Was she speaking of Rana? Or herself?
“When we brought her home, Cabe and I put our heads together. I’d always planned on being a therapist, had the majority of my schooling done. He was desperate to get Rana back. The extent of her injuries harmed her mind as well as her body and so we came up with a plan to distract her. Horses. Lots and lots of horses. We made sure she was out of doors every chance we could get. I finished my degree and went to work on her. I guess you could say she was my guinea pig.”
She’d slowed down, stopping by a massive tree, one with roots jutting out all the way down to the riverbank. A frog croaked nearby. The breeze had kicked up, and it tossed her hair back. She seemed lost in her thoughts. He almost didn’t want to breathe for fear of distracting her. Then she blinked, met his gaze.

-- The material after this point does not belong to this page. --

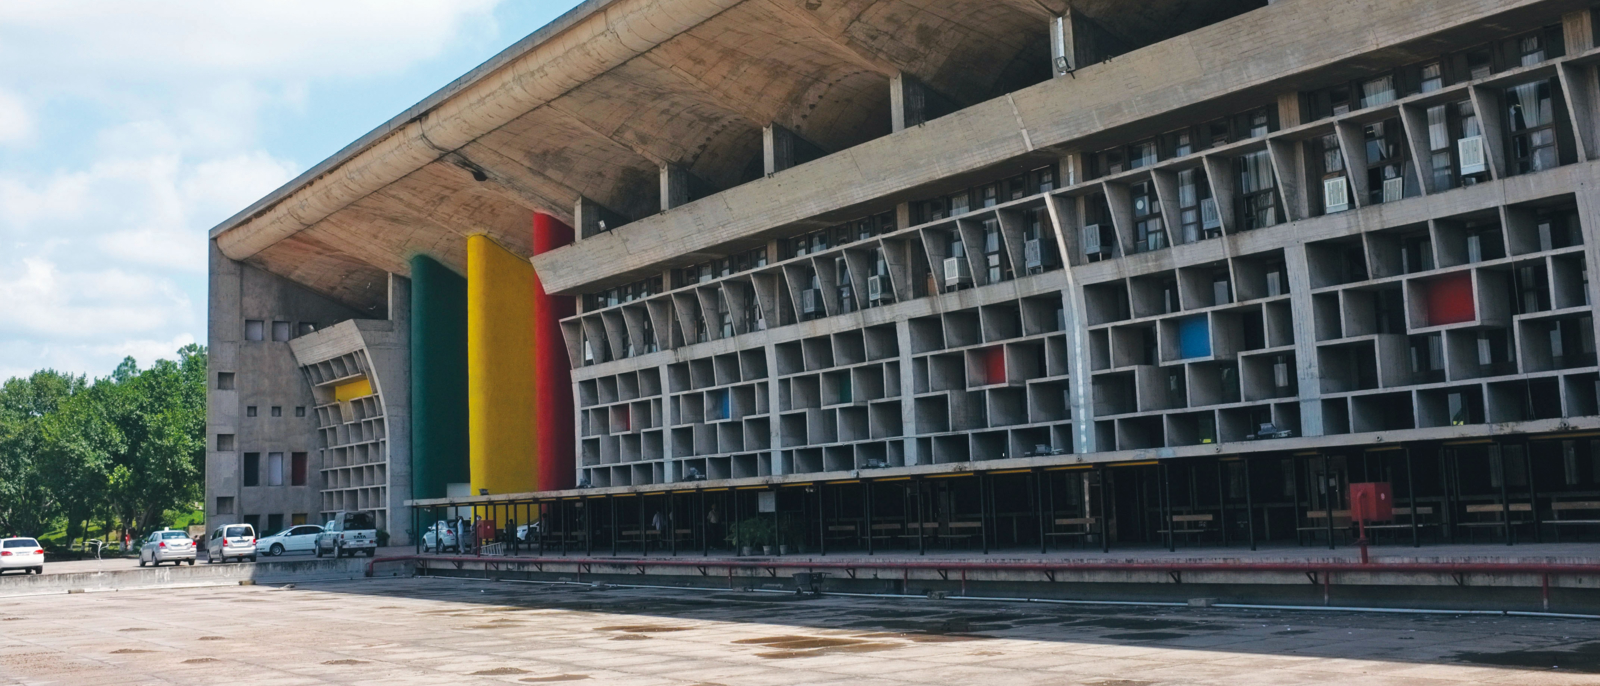 High Court at Chandigarh, by Le Corbusier.

“Everything happens for a reason.”
She meant the ranch, of course, not what he’d gone through.
“You didn’t stop with Rana, though,” he said.
“No. When word got out that Rana was walking again, the phone started ringing. Cabe talked to me about opening a guest ranch specializing in people with disabilities. I thought it was a great idea. We started looking into grants. Before we knew it, we had the financing and a waiting list. We couldn’t build the cabins fast enough.”

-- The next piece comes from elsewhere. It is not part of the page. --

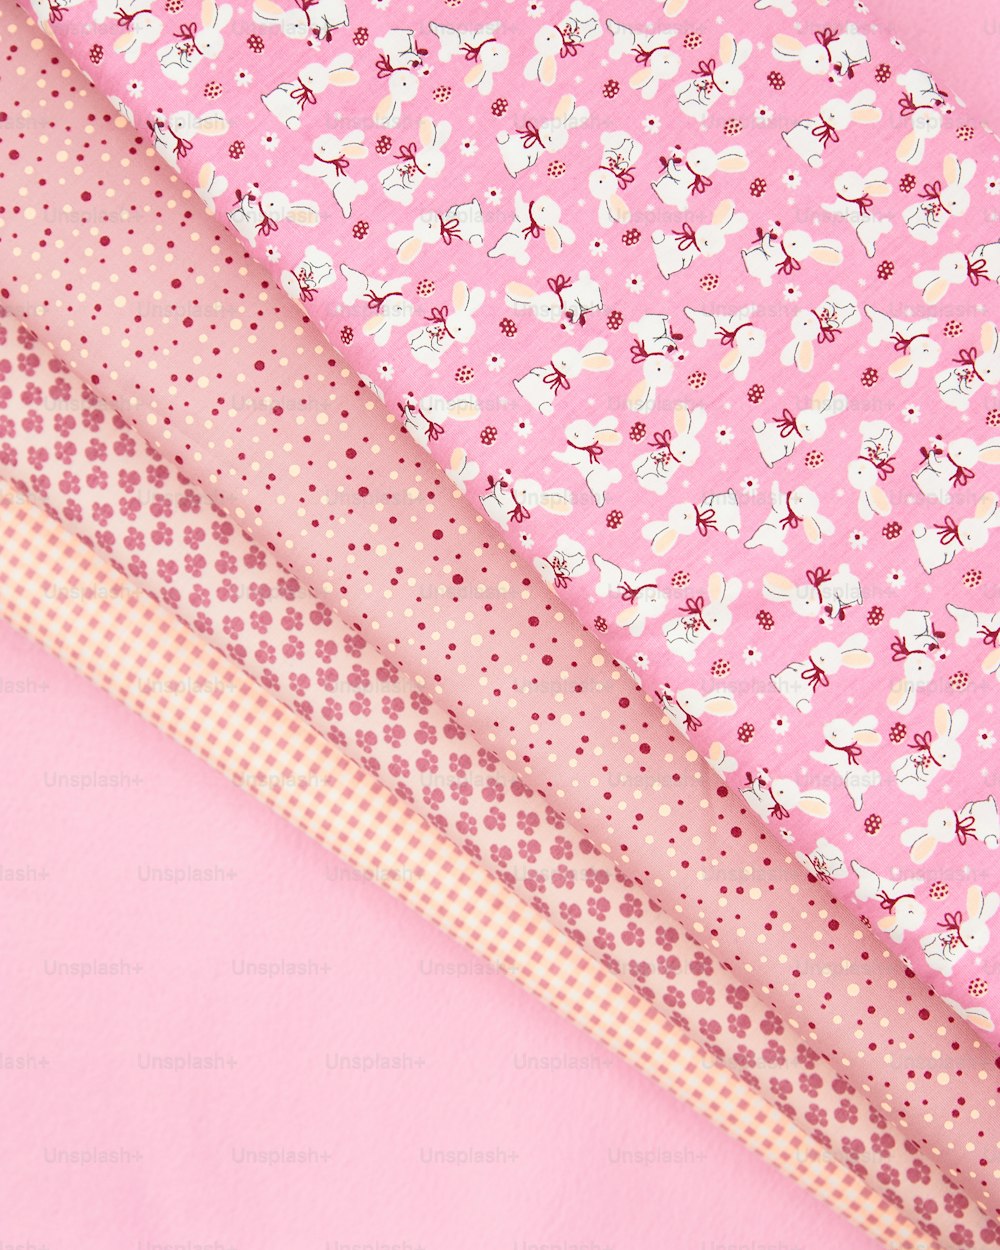 a close up of a pink background with different patterns

He could tell she loved what she did. Just talking about it set her whole face aglow, causing Tren
t to marvel at how pretty she was all over again. The sadness was gone and in its wake was the joy of her success.
“It seems quiet here now.”
She smiled ruefully. “The calm before the storm. School’s still in session. Come July we’ll be packed solid. Cabe will bring in some help, usually interns from nearby colleges. It’s crazy, but it’s so amazing to watch people with a disability get on a horse for the first time. When they feel a horse beneath them, when they realize they can walk again, well, not them, but the horse, their faces light up. And then when they learn to control the horse and suddenly they’re mobile in a way they never imagined...”
He could watch the play of emotions on her face all day. The happiness. The excitement. The satisfaction. He couldn’t look away.
“I can’t imagine ever leaving this place...or Rana. She’s like a daughter to me now.”
Suddenly, he was unaccountably jealous of Rana, and that was just plain ridiculous. Why?
Because she could walk again.
“How long did it take?”
She seemed to snap back to earth. “For what?”
“To teach Rana to walk again?”
She smiled. “Months, but Rana makes it sound like it took a decade. I’ve never seen anyone attack therapy like Rana did. She told me at one point that God might have taken her mother, but He wasn’t going to take her legs away, too. She was angry.” Alana stared at him pointedly. “We had to deal with that, too. I’ve learned it’s pretty common for people to latch on to their anger when they’ve been dealt a debilitating blow.”
The way he had. He couldn’t miss her point.
“By the way, this is where we’re having our picnic.” She pointed to a spot beneath a tree, one so big its branches hung out over the nearby river. “That rope there will be your therapy today.”
She’d done that on purpose, he realized—changed the subject.
“We’ll work on leg strengthening, but not until after you eat.”
When she opened the basket he once again caught a whiff of something fried and mouthwatering.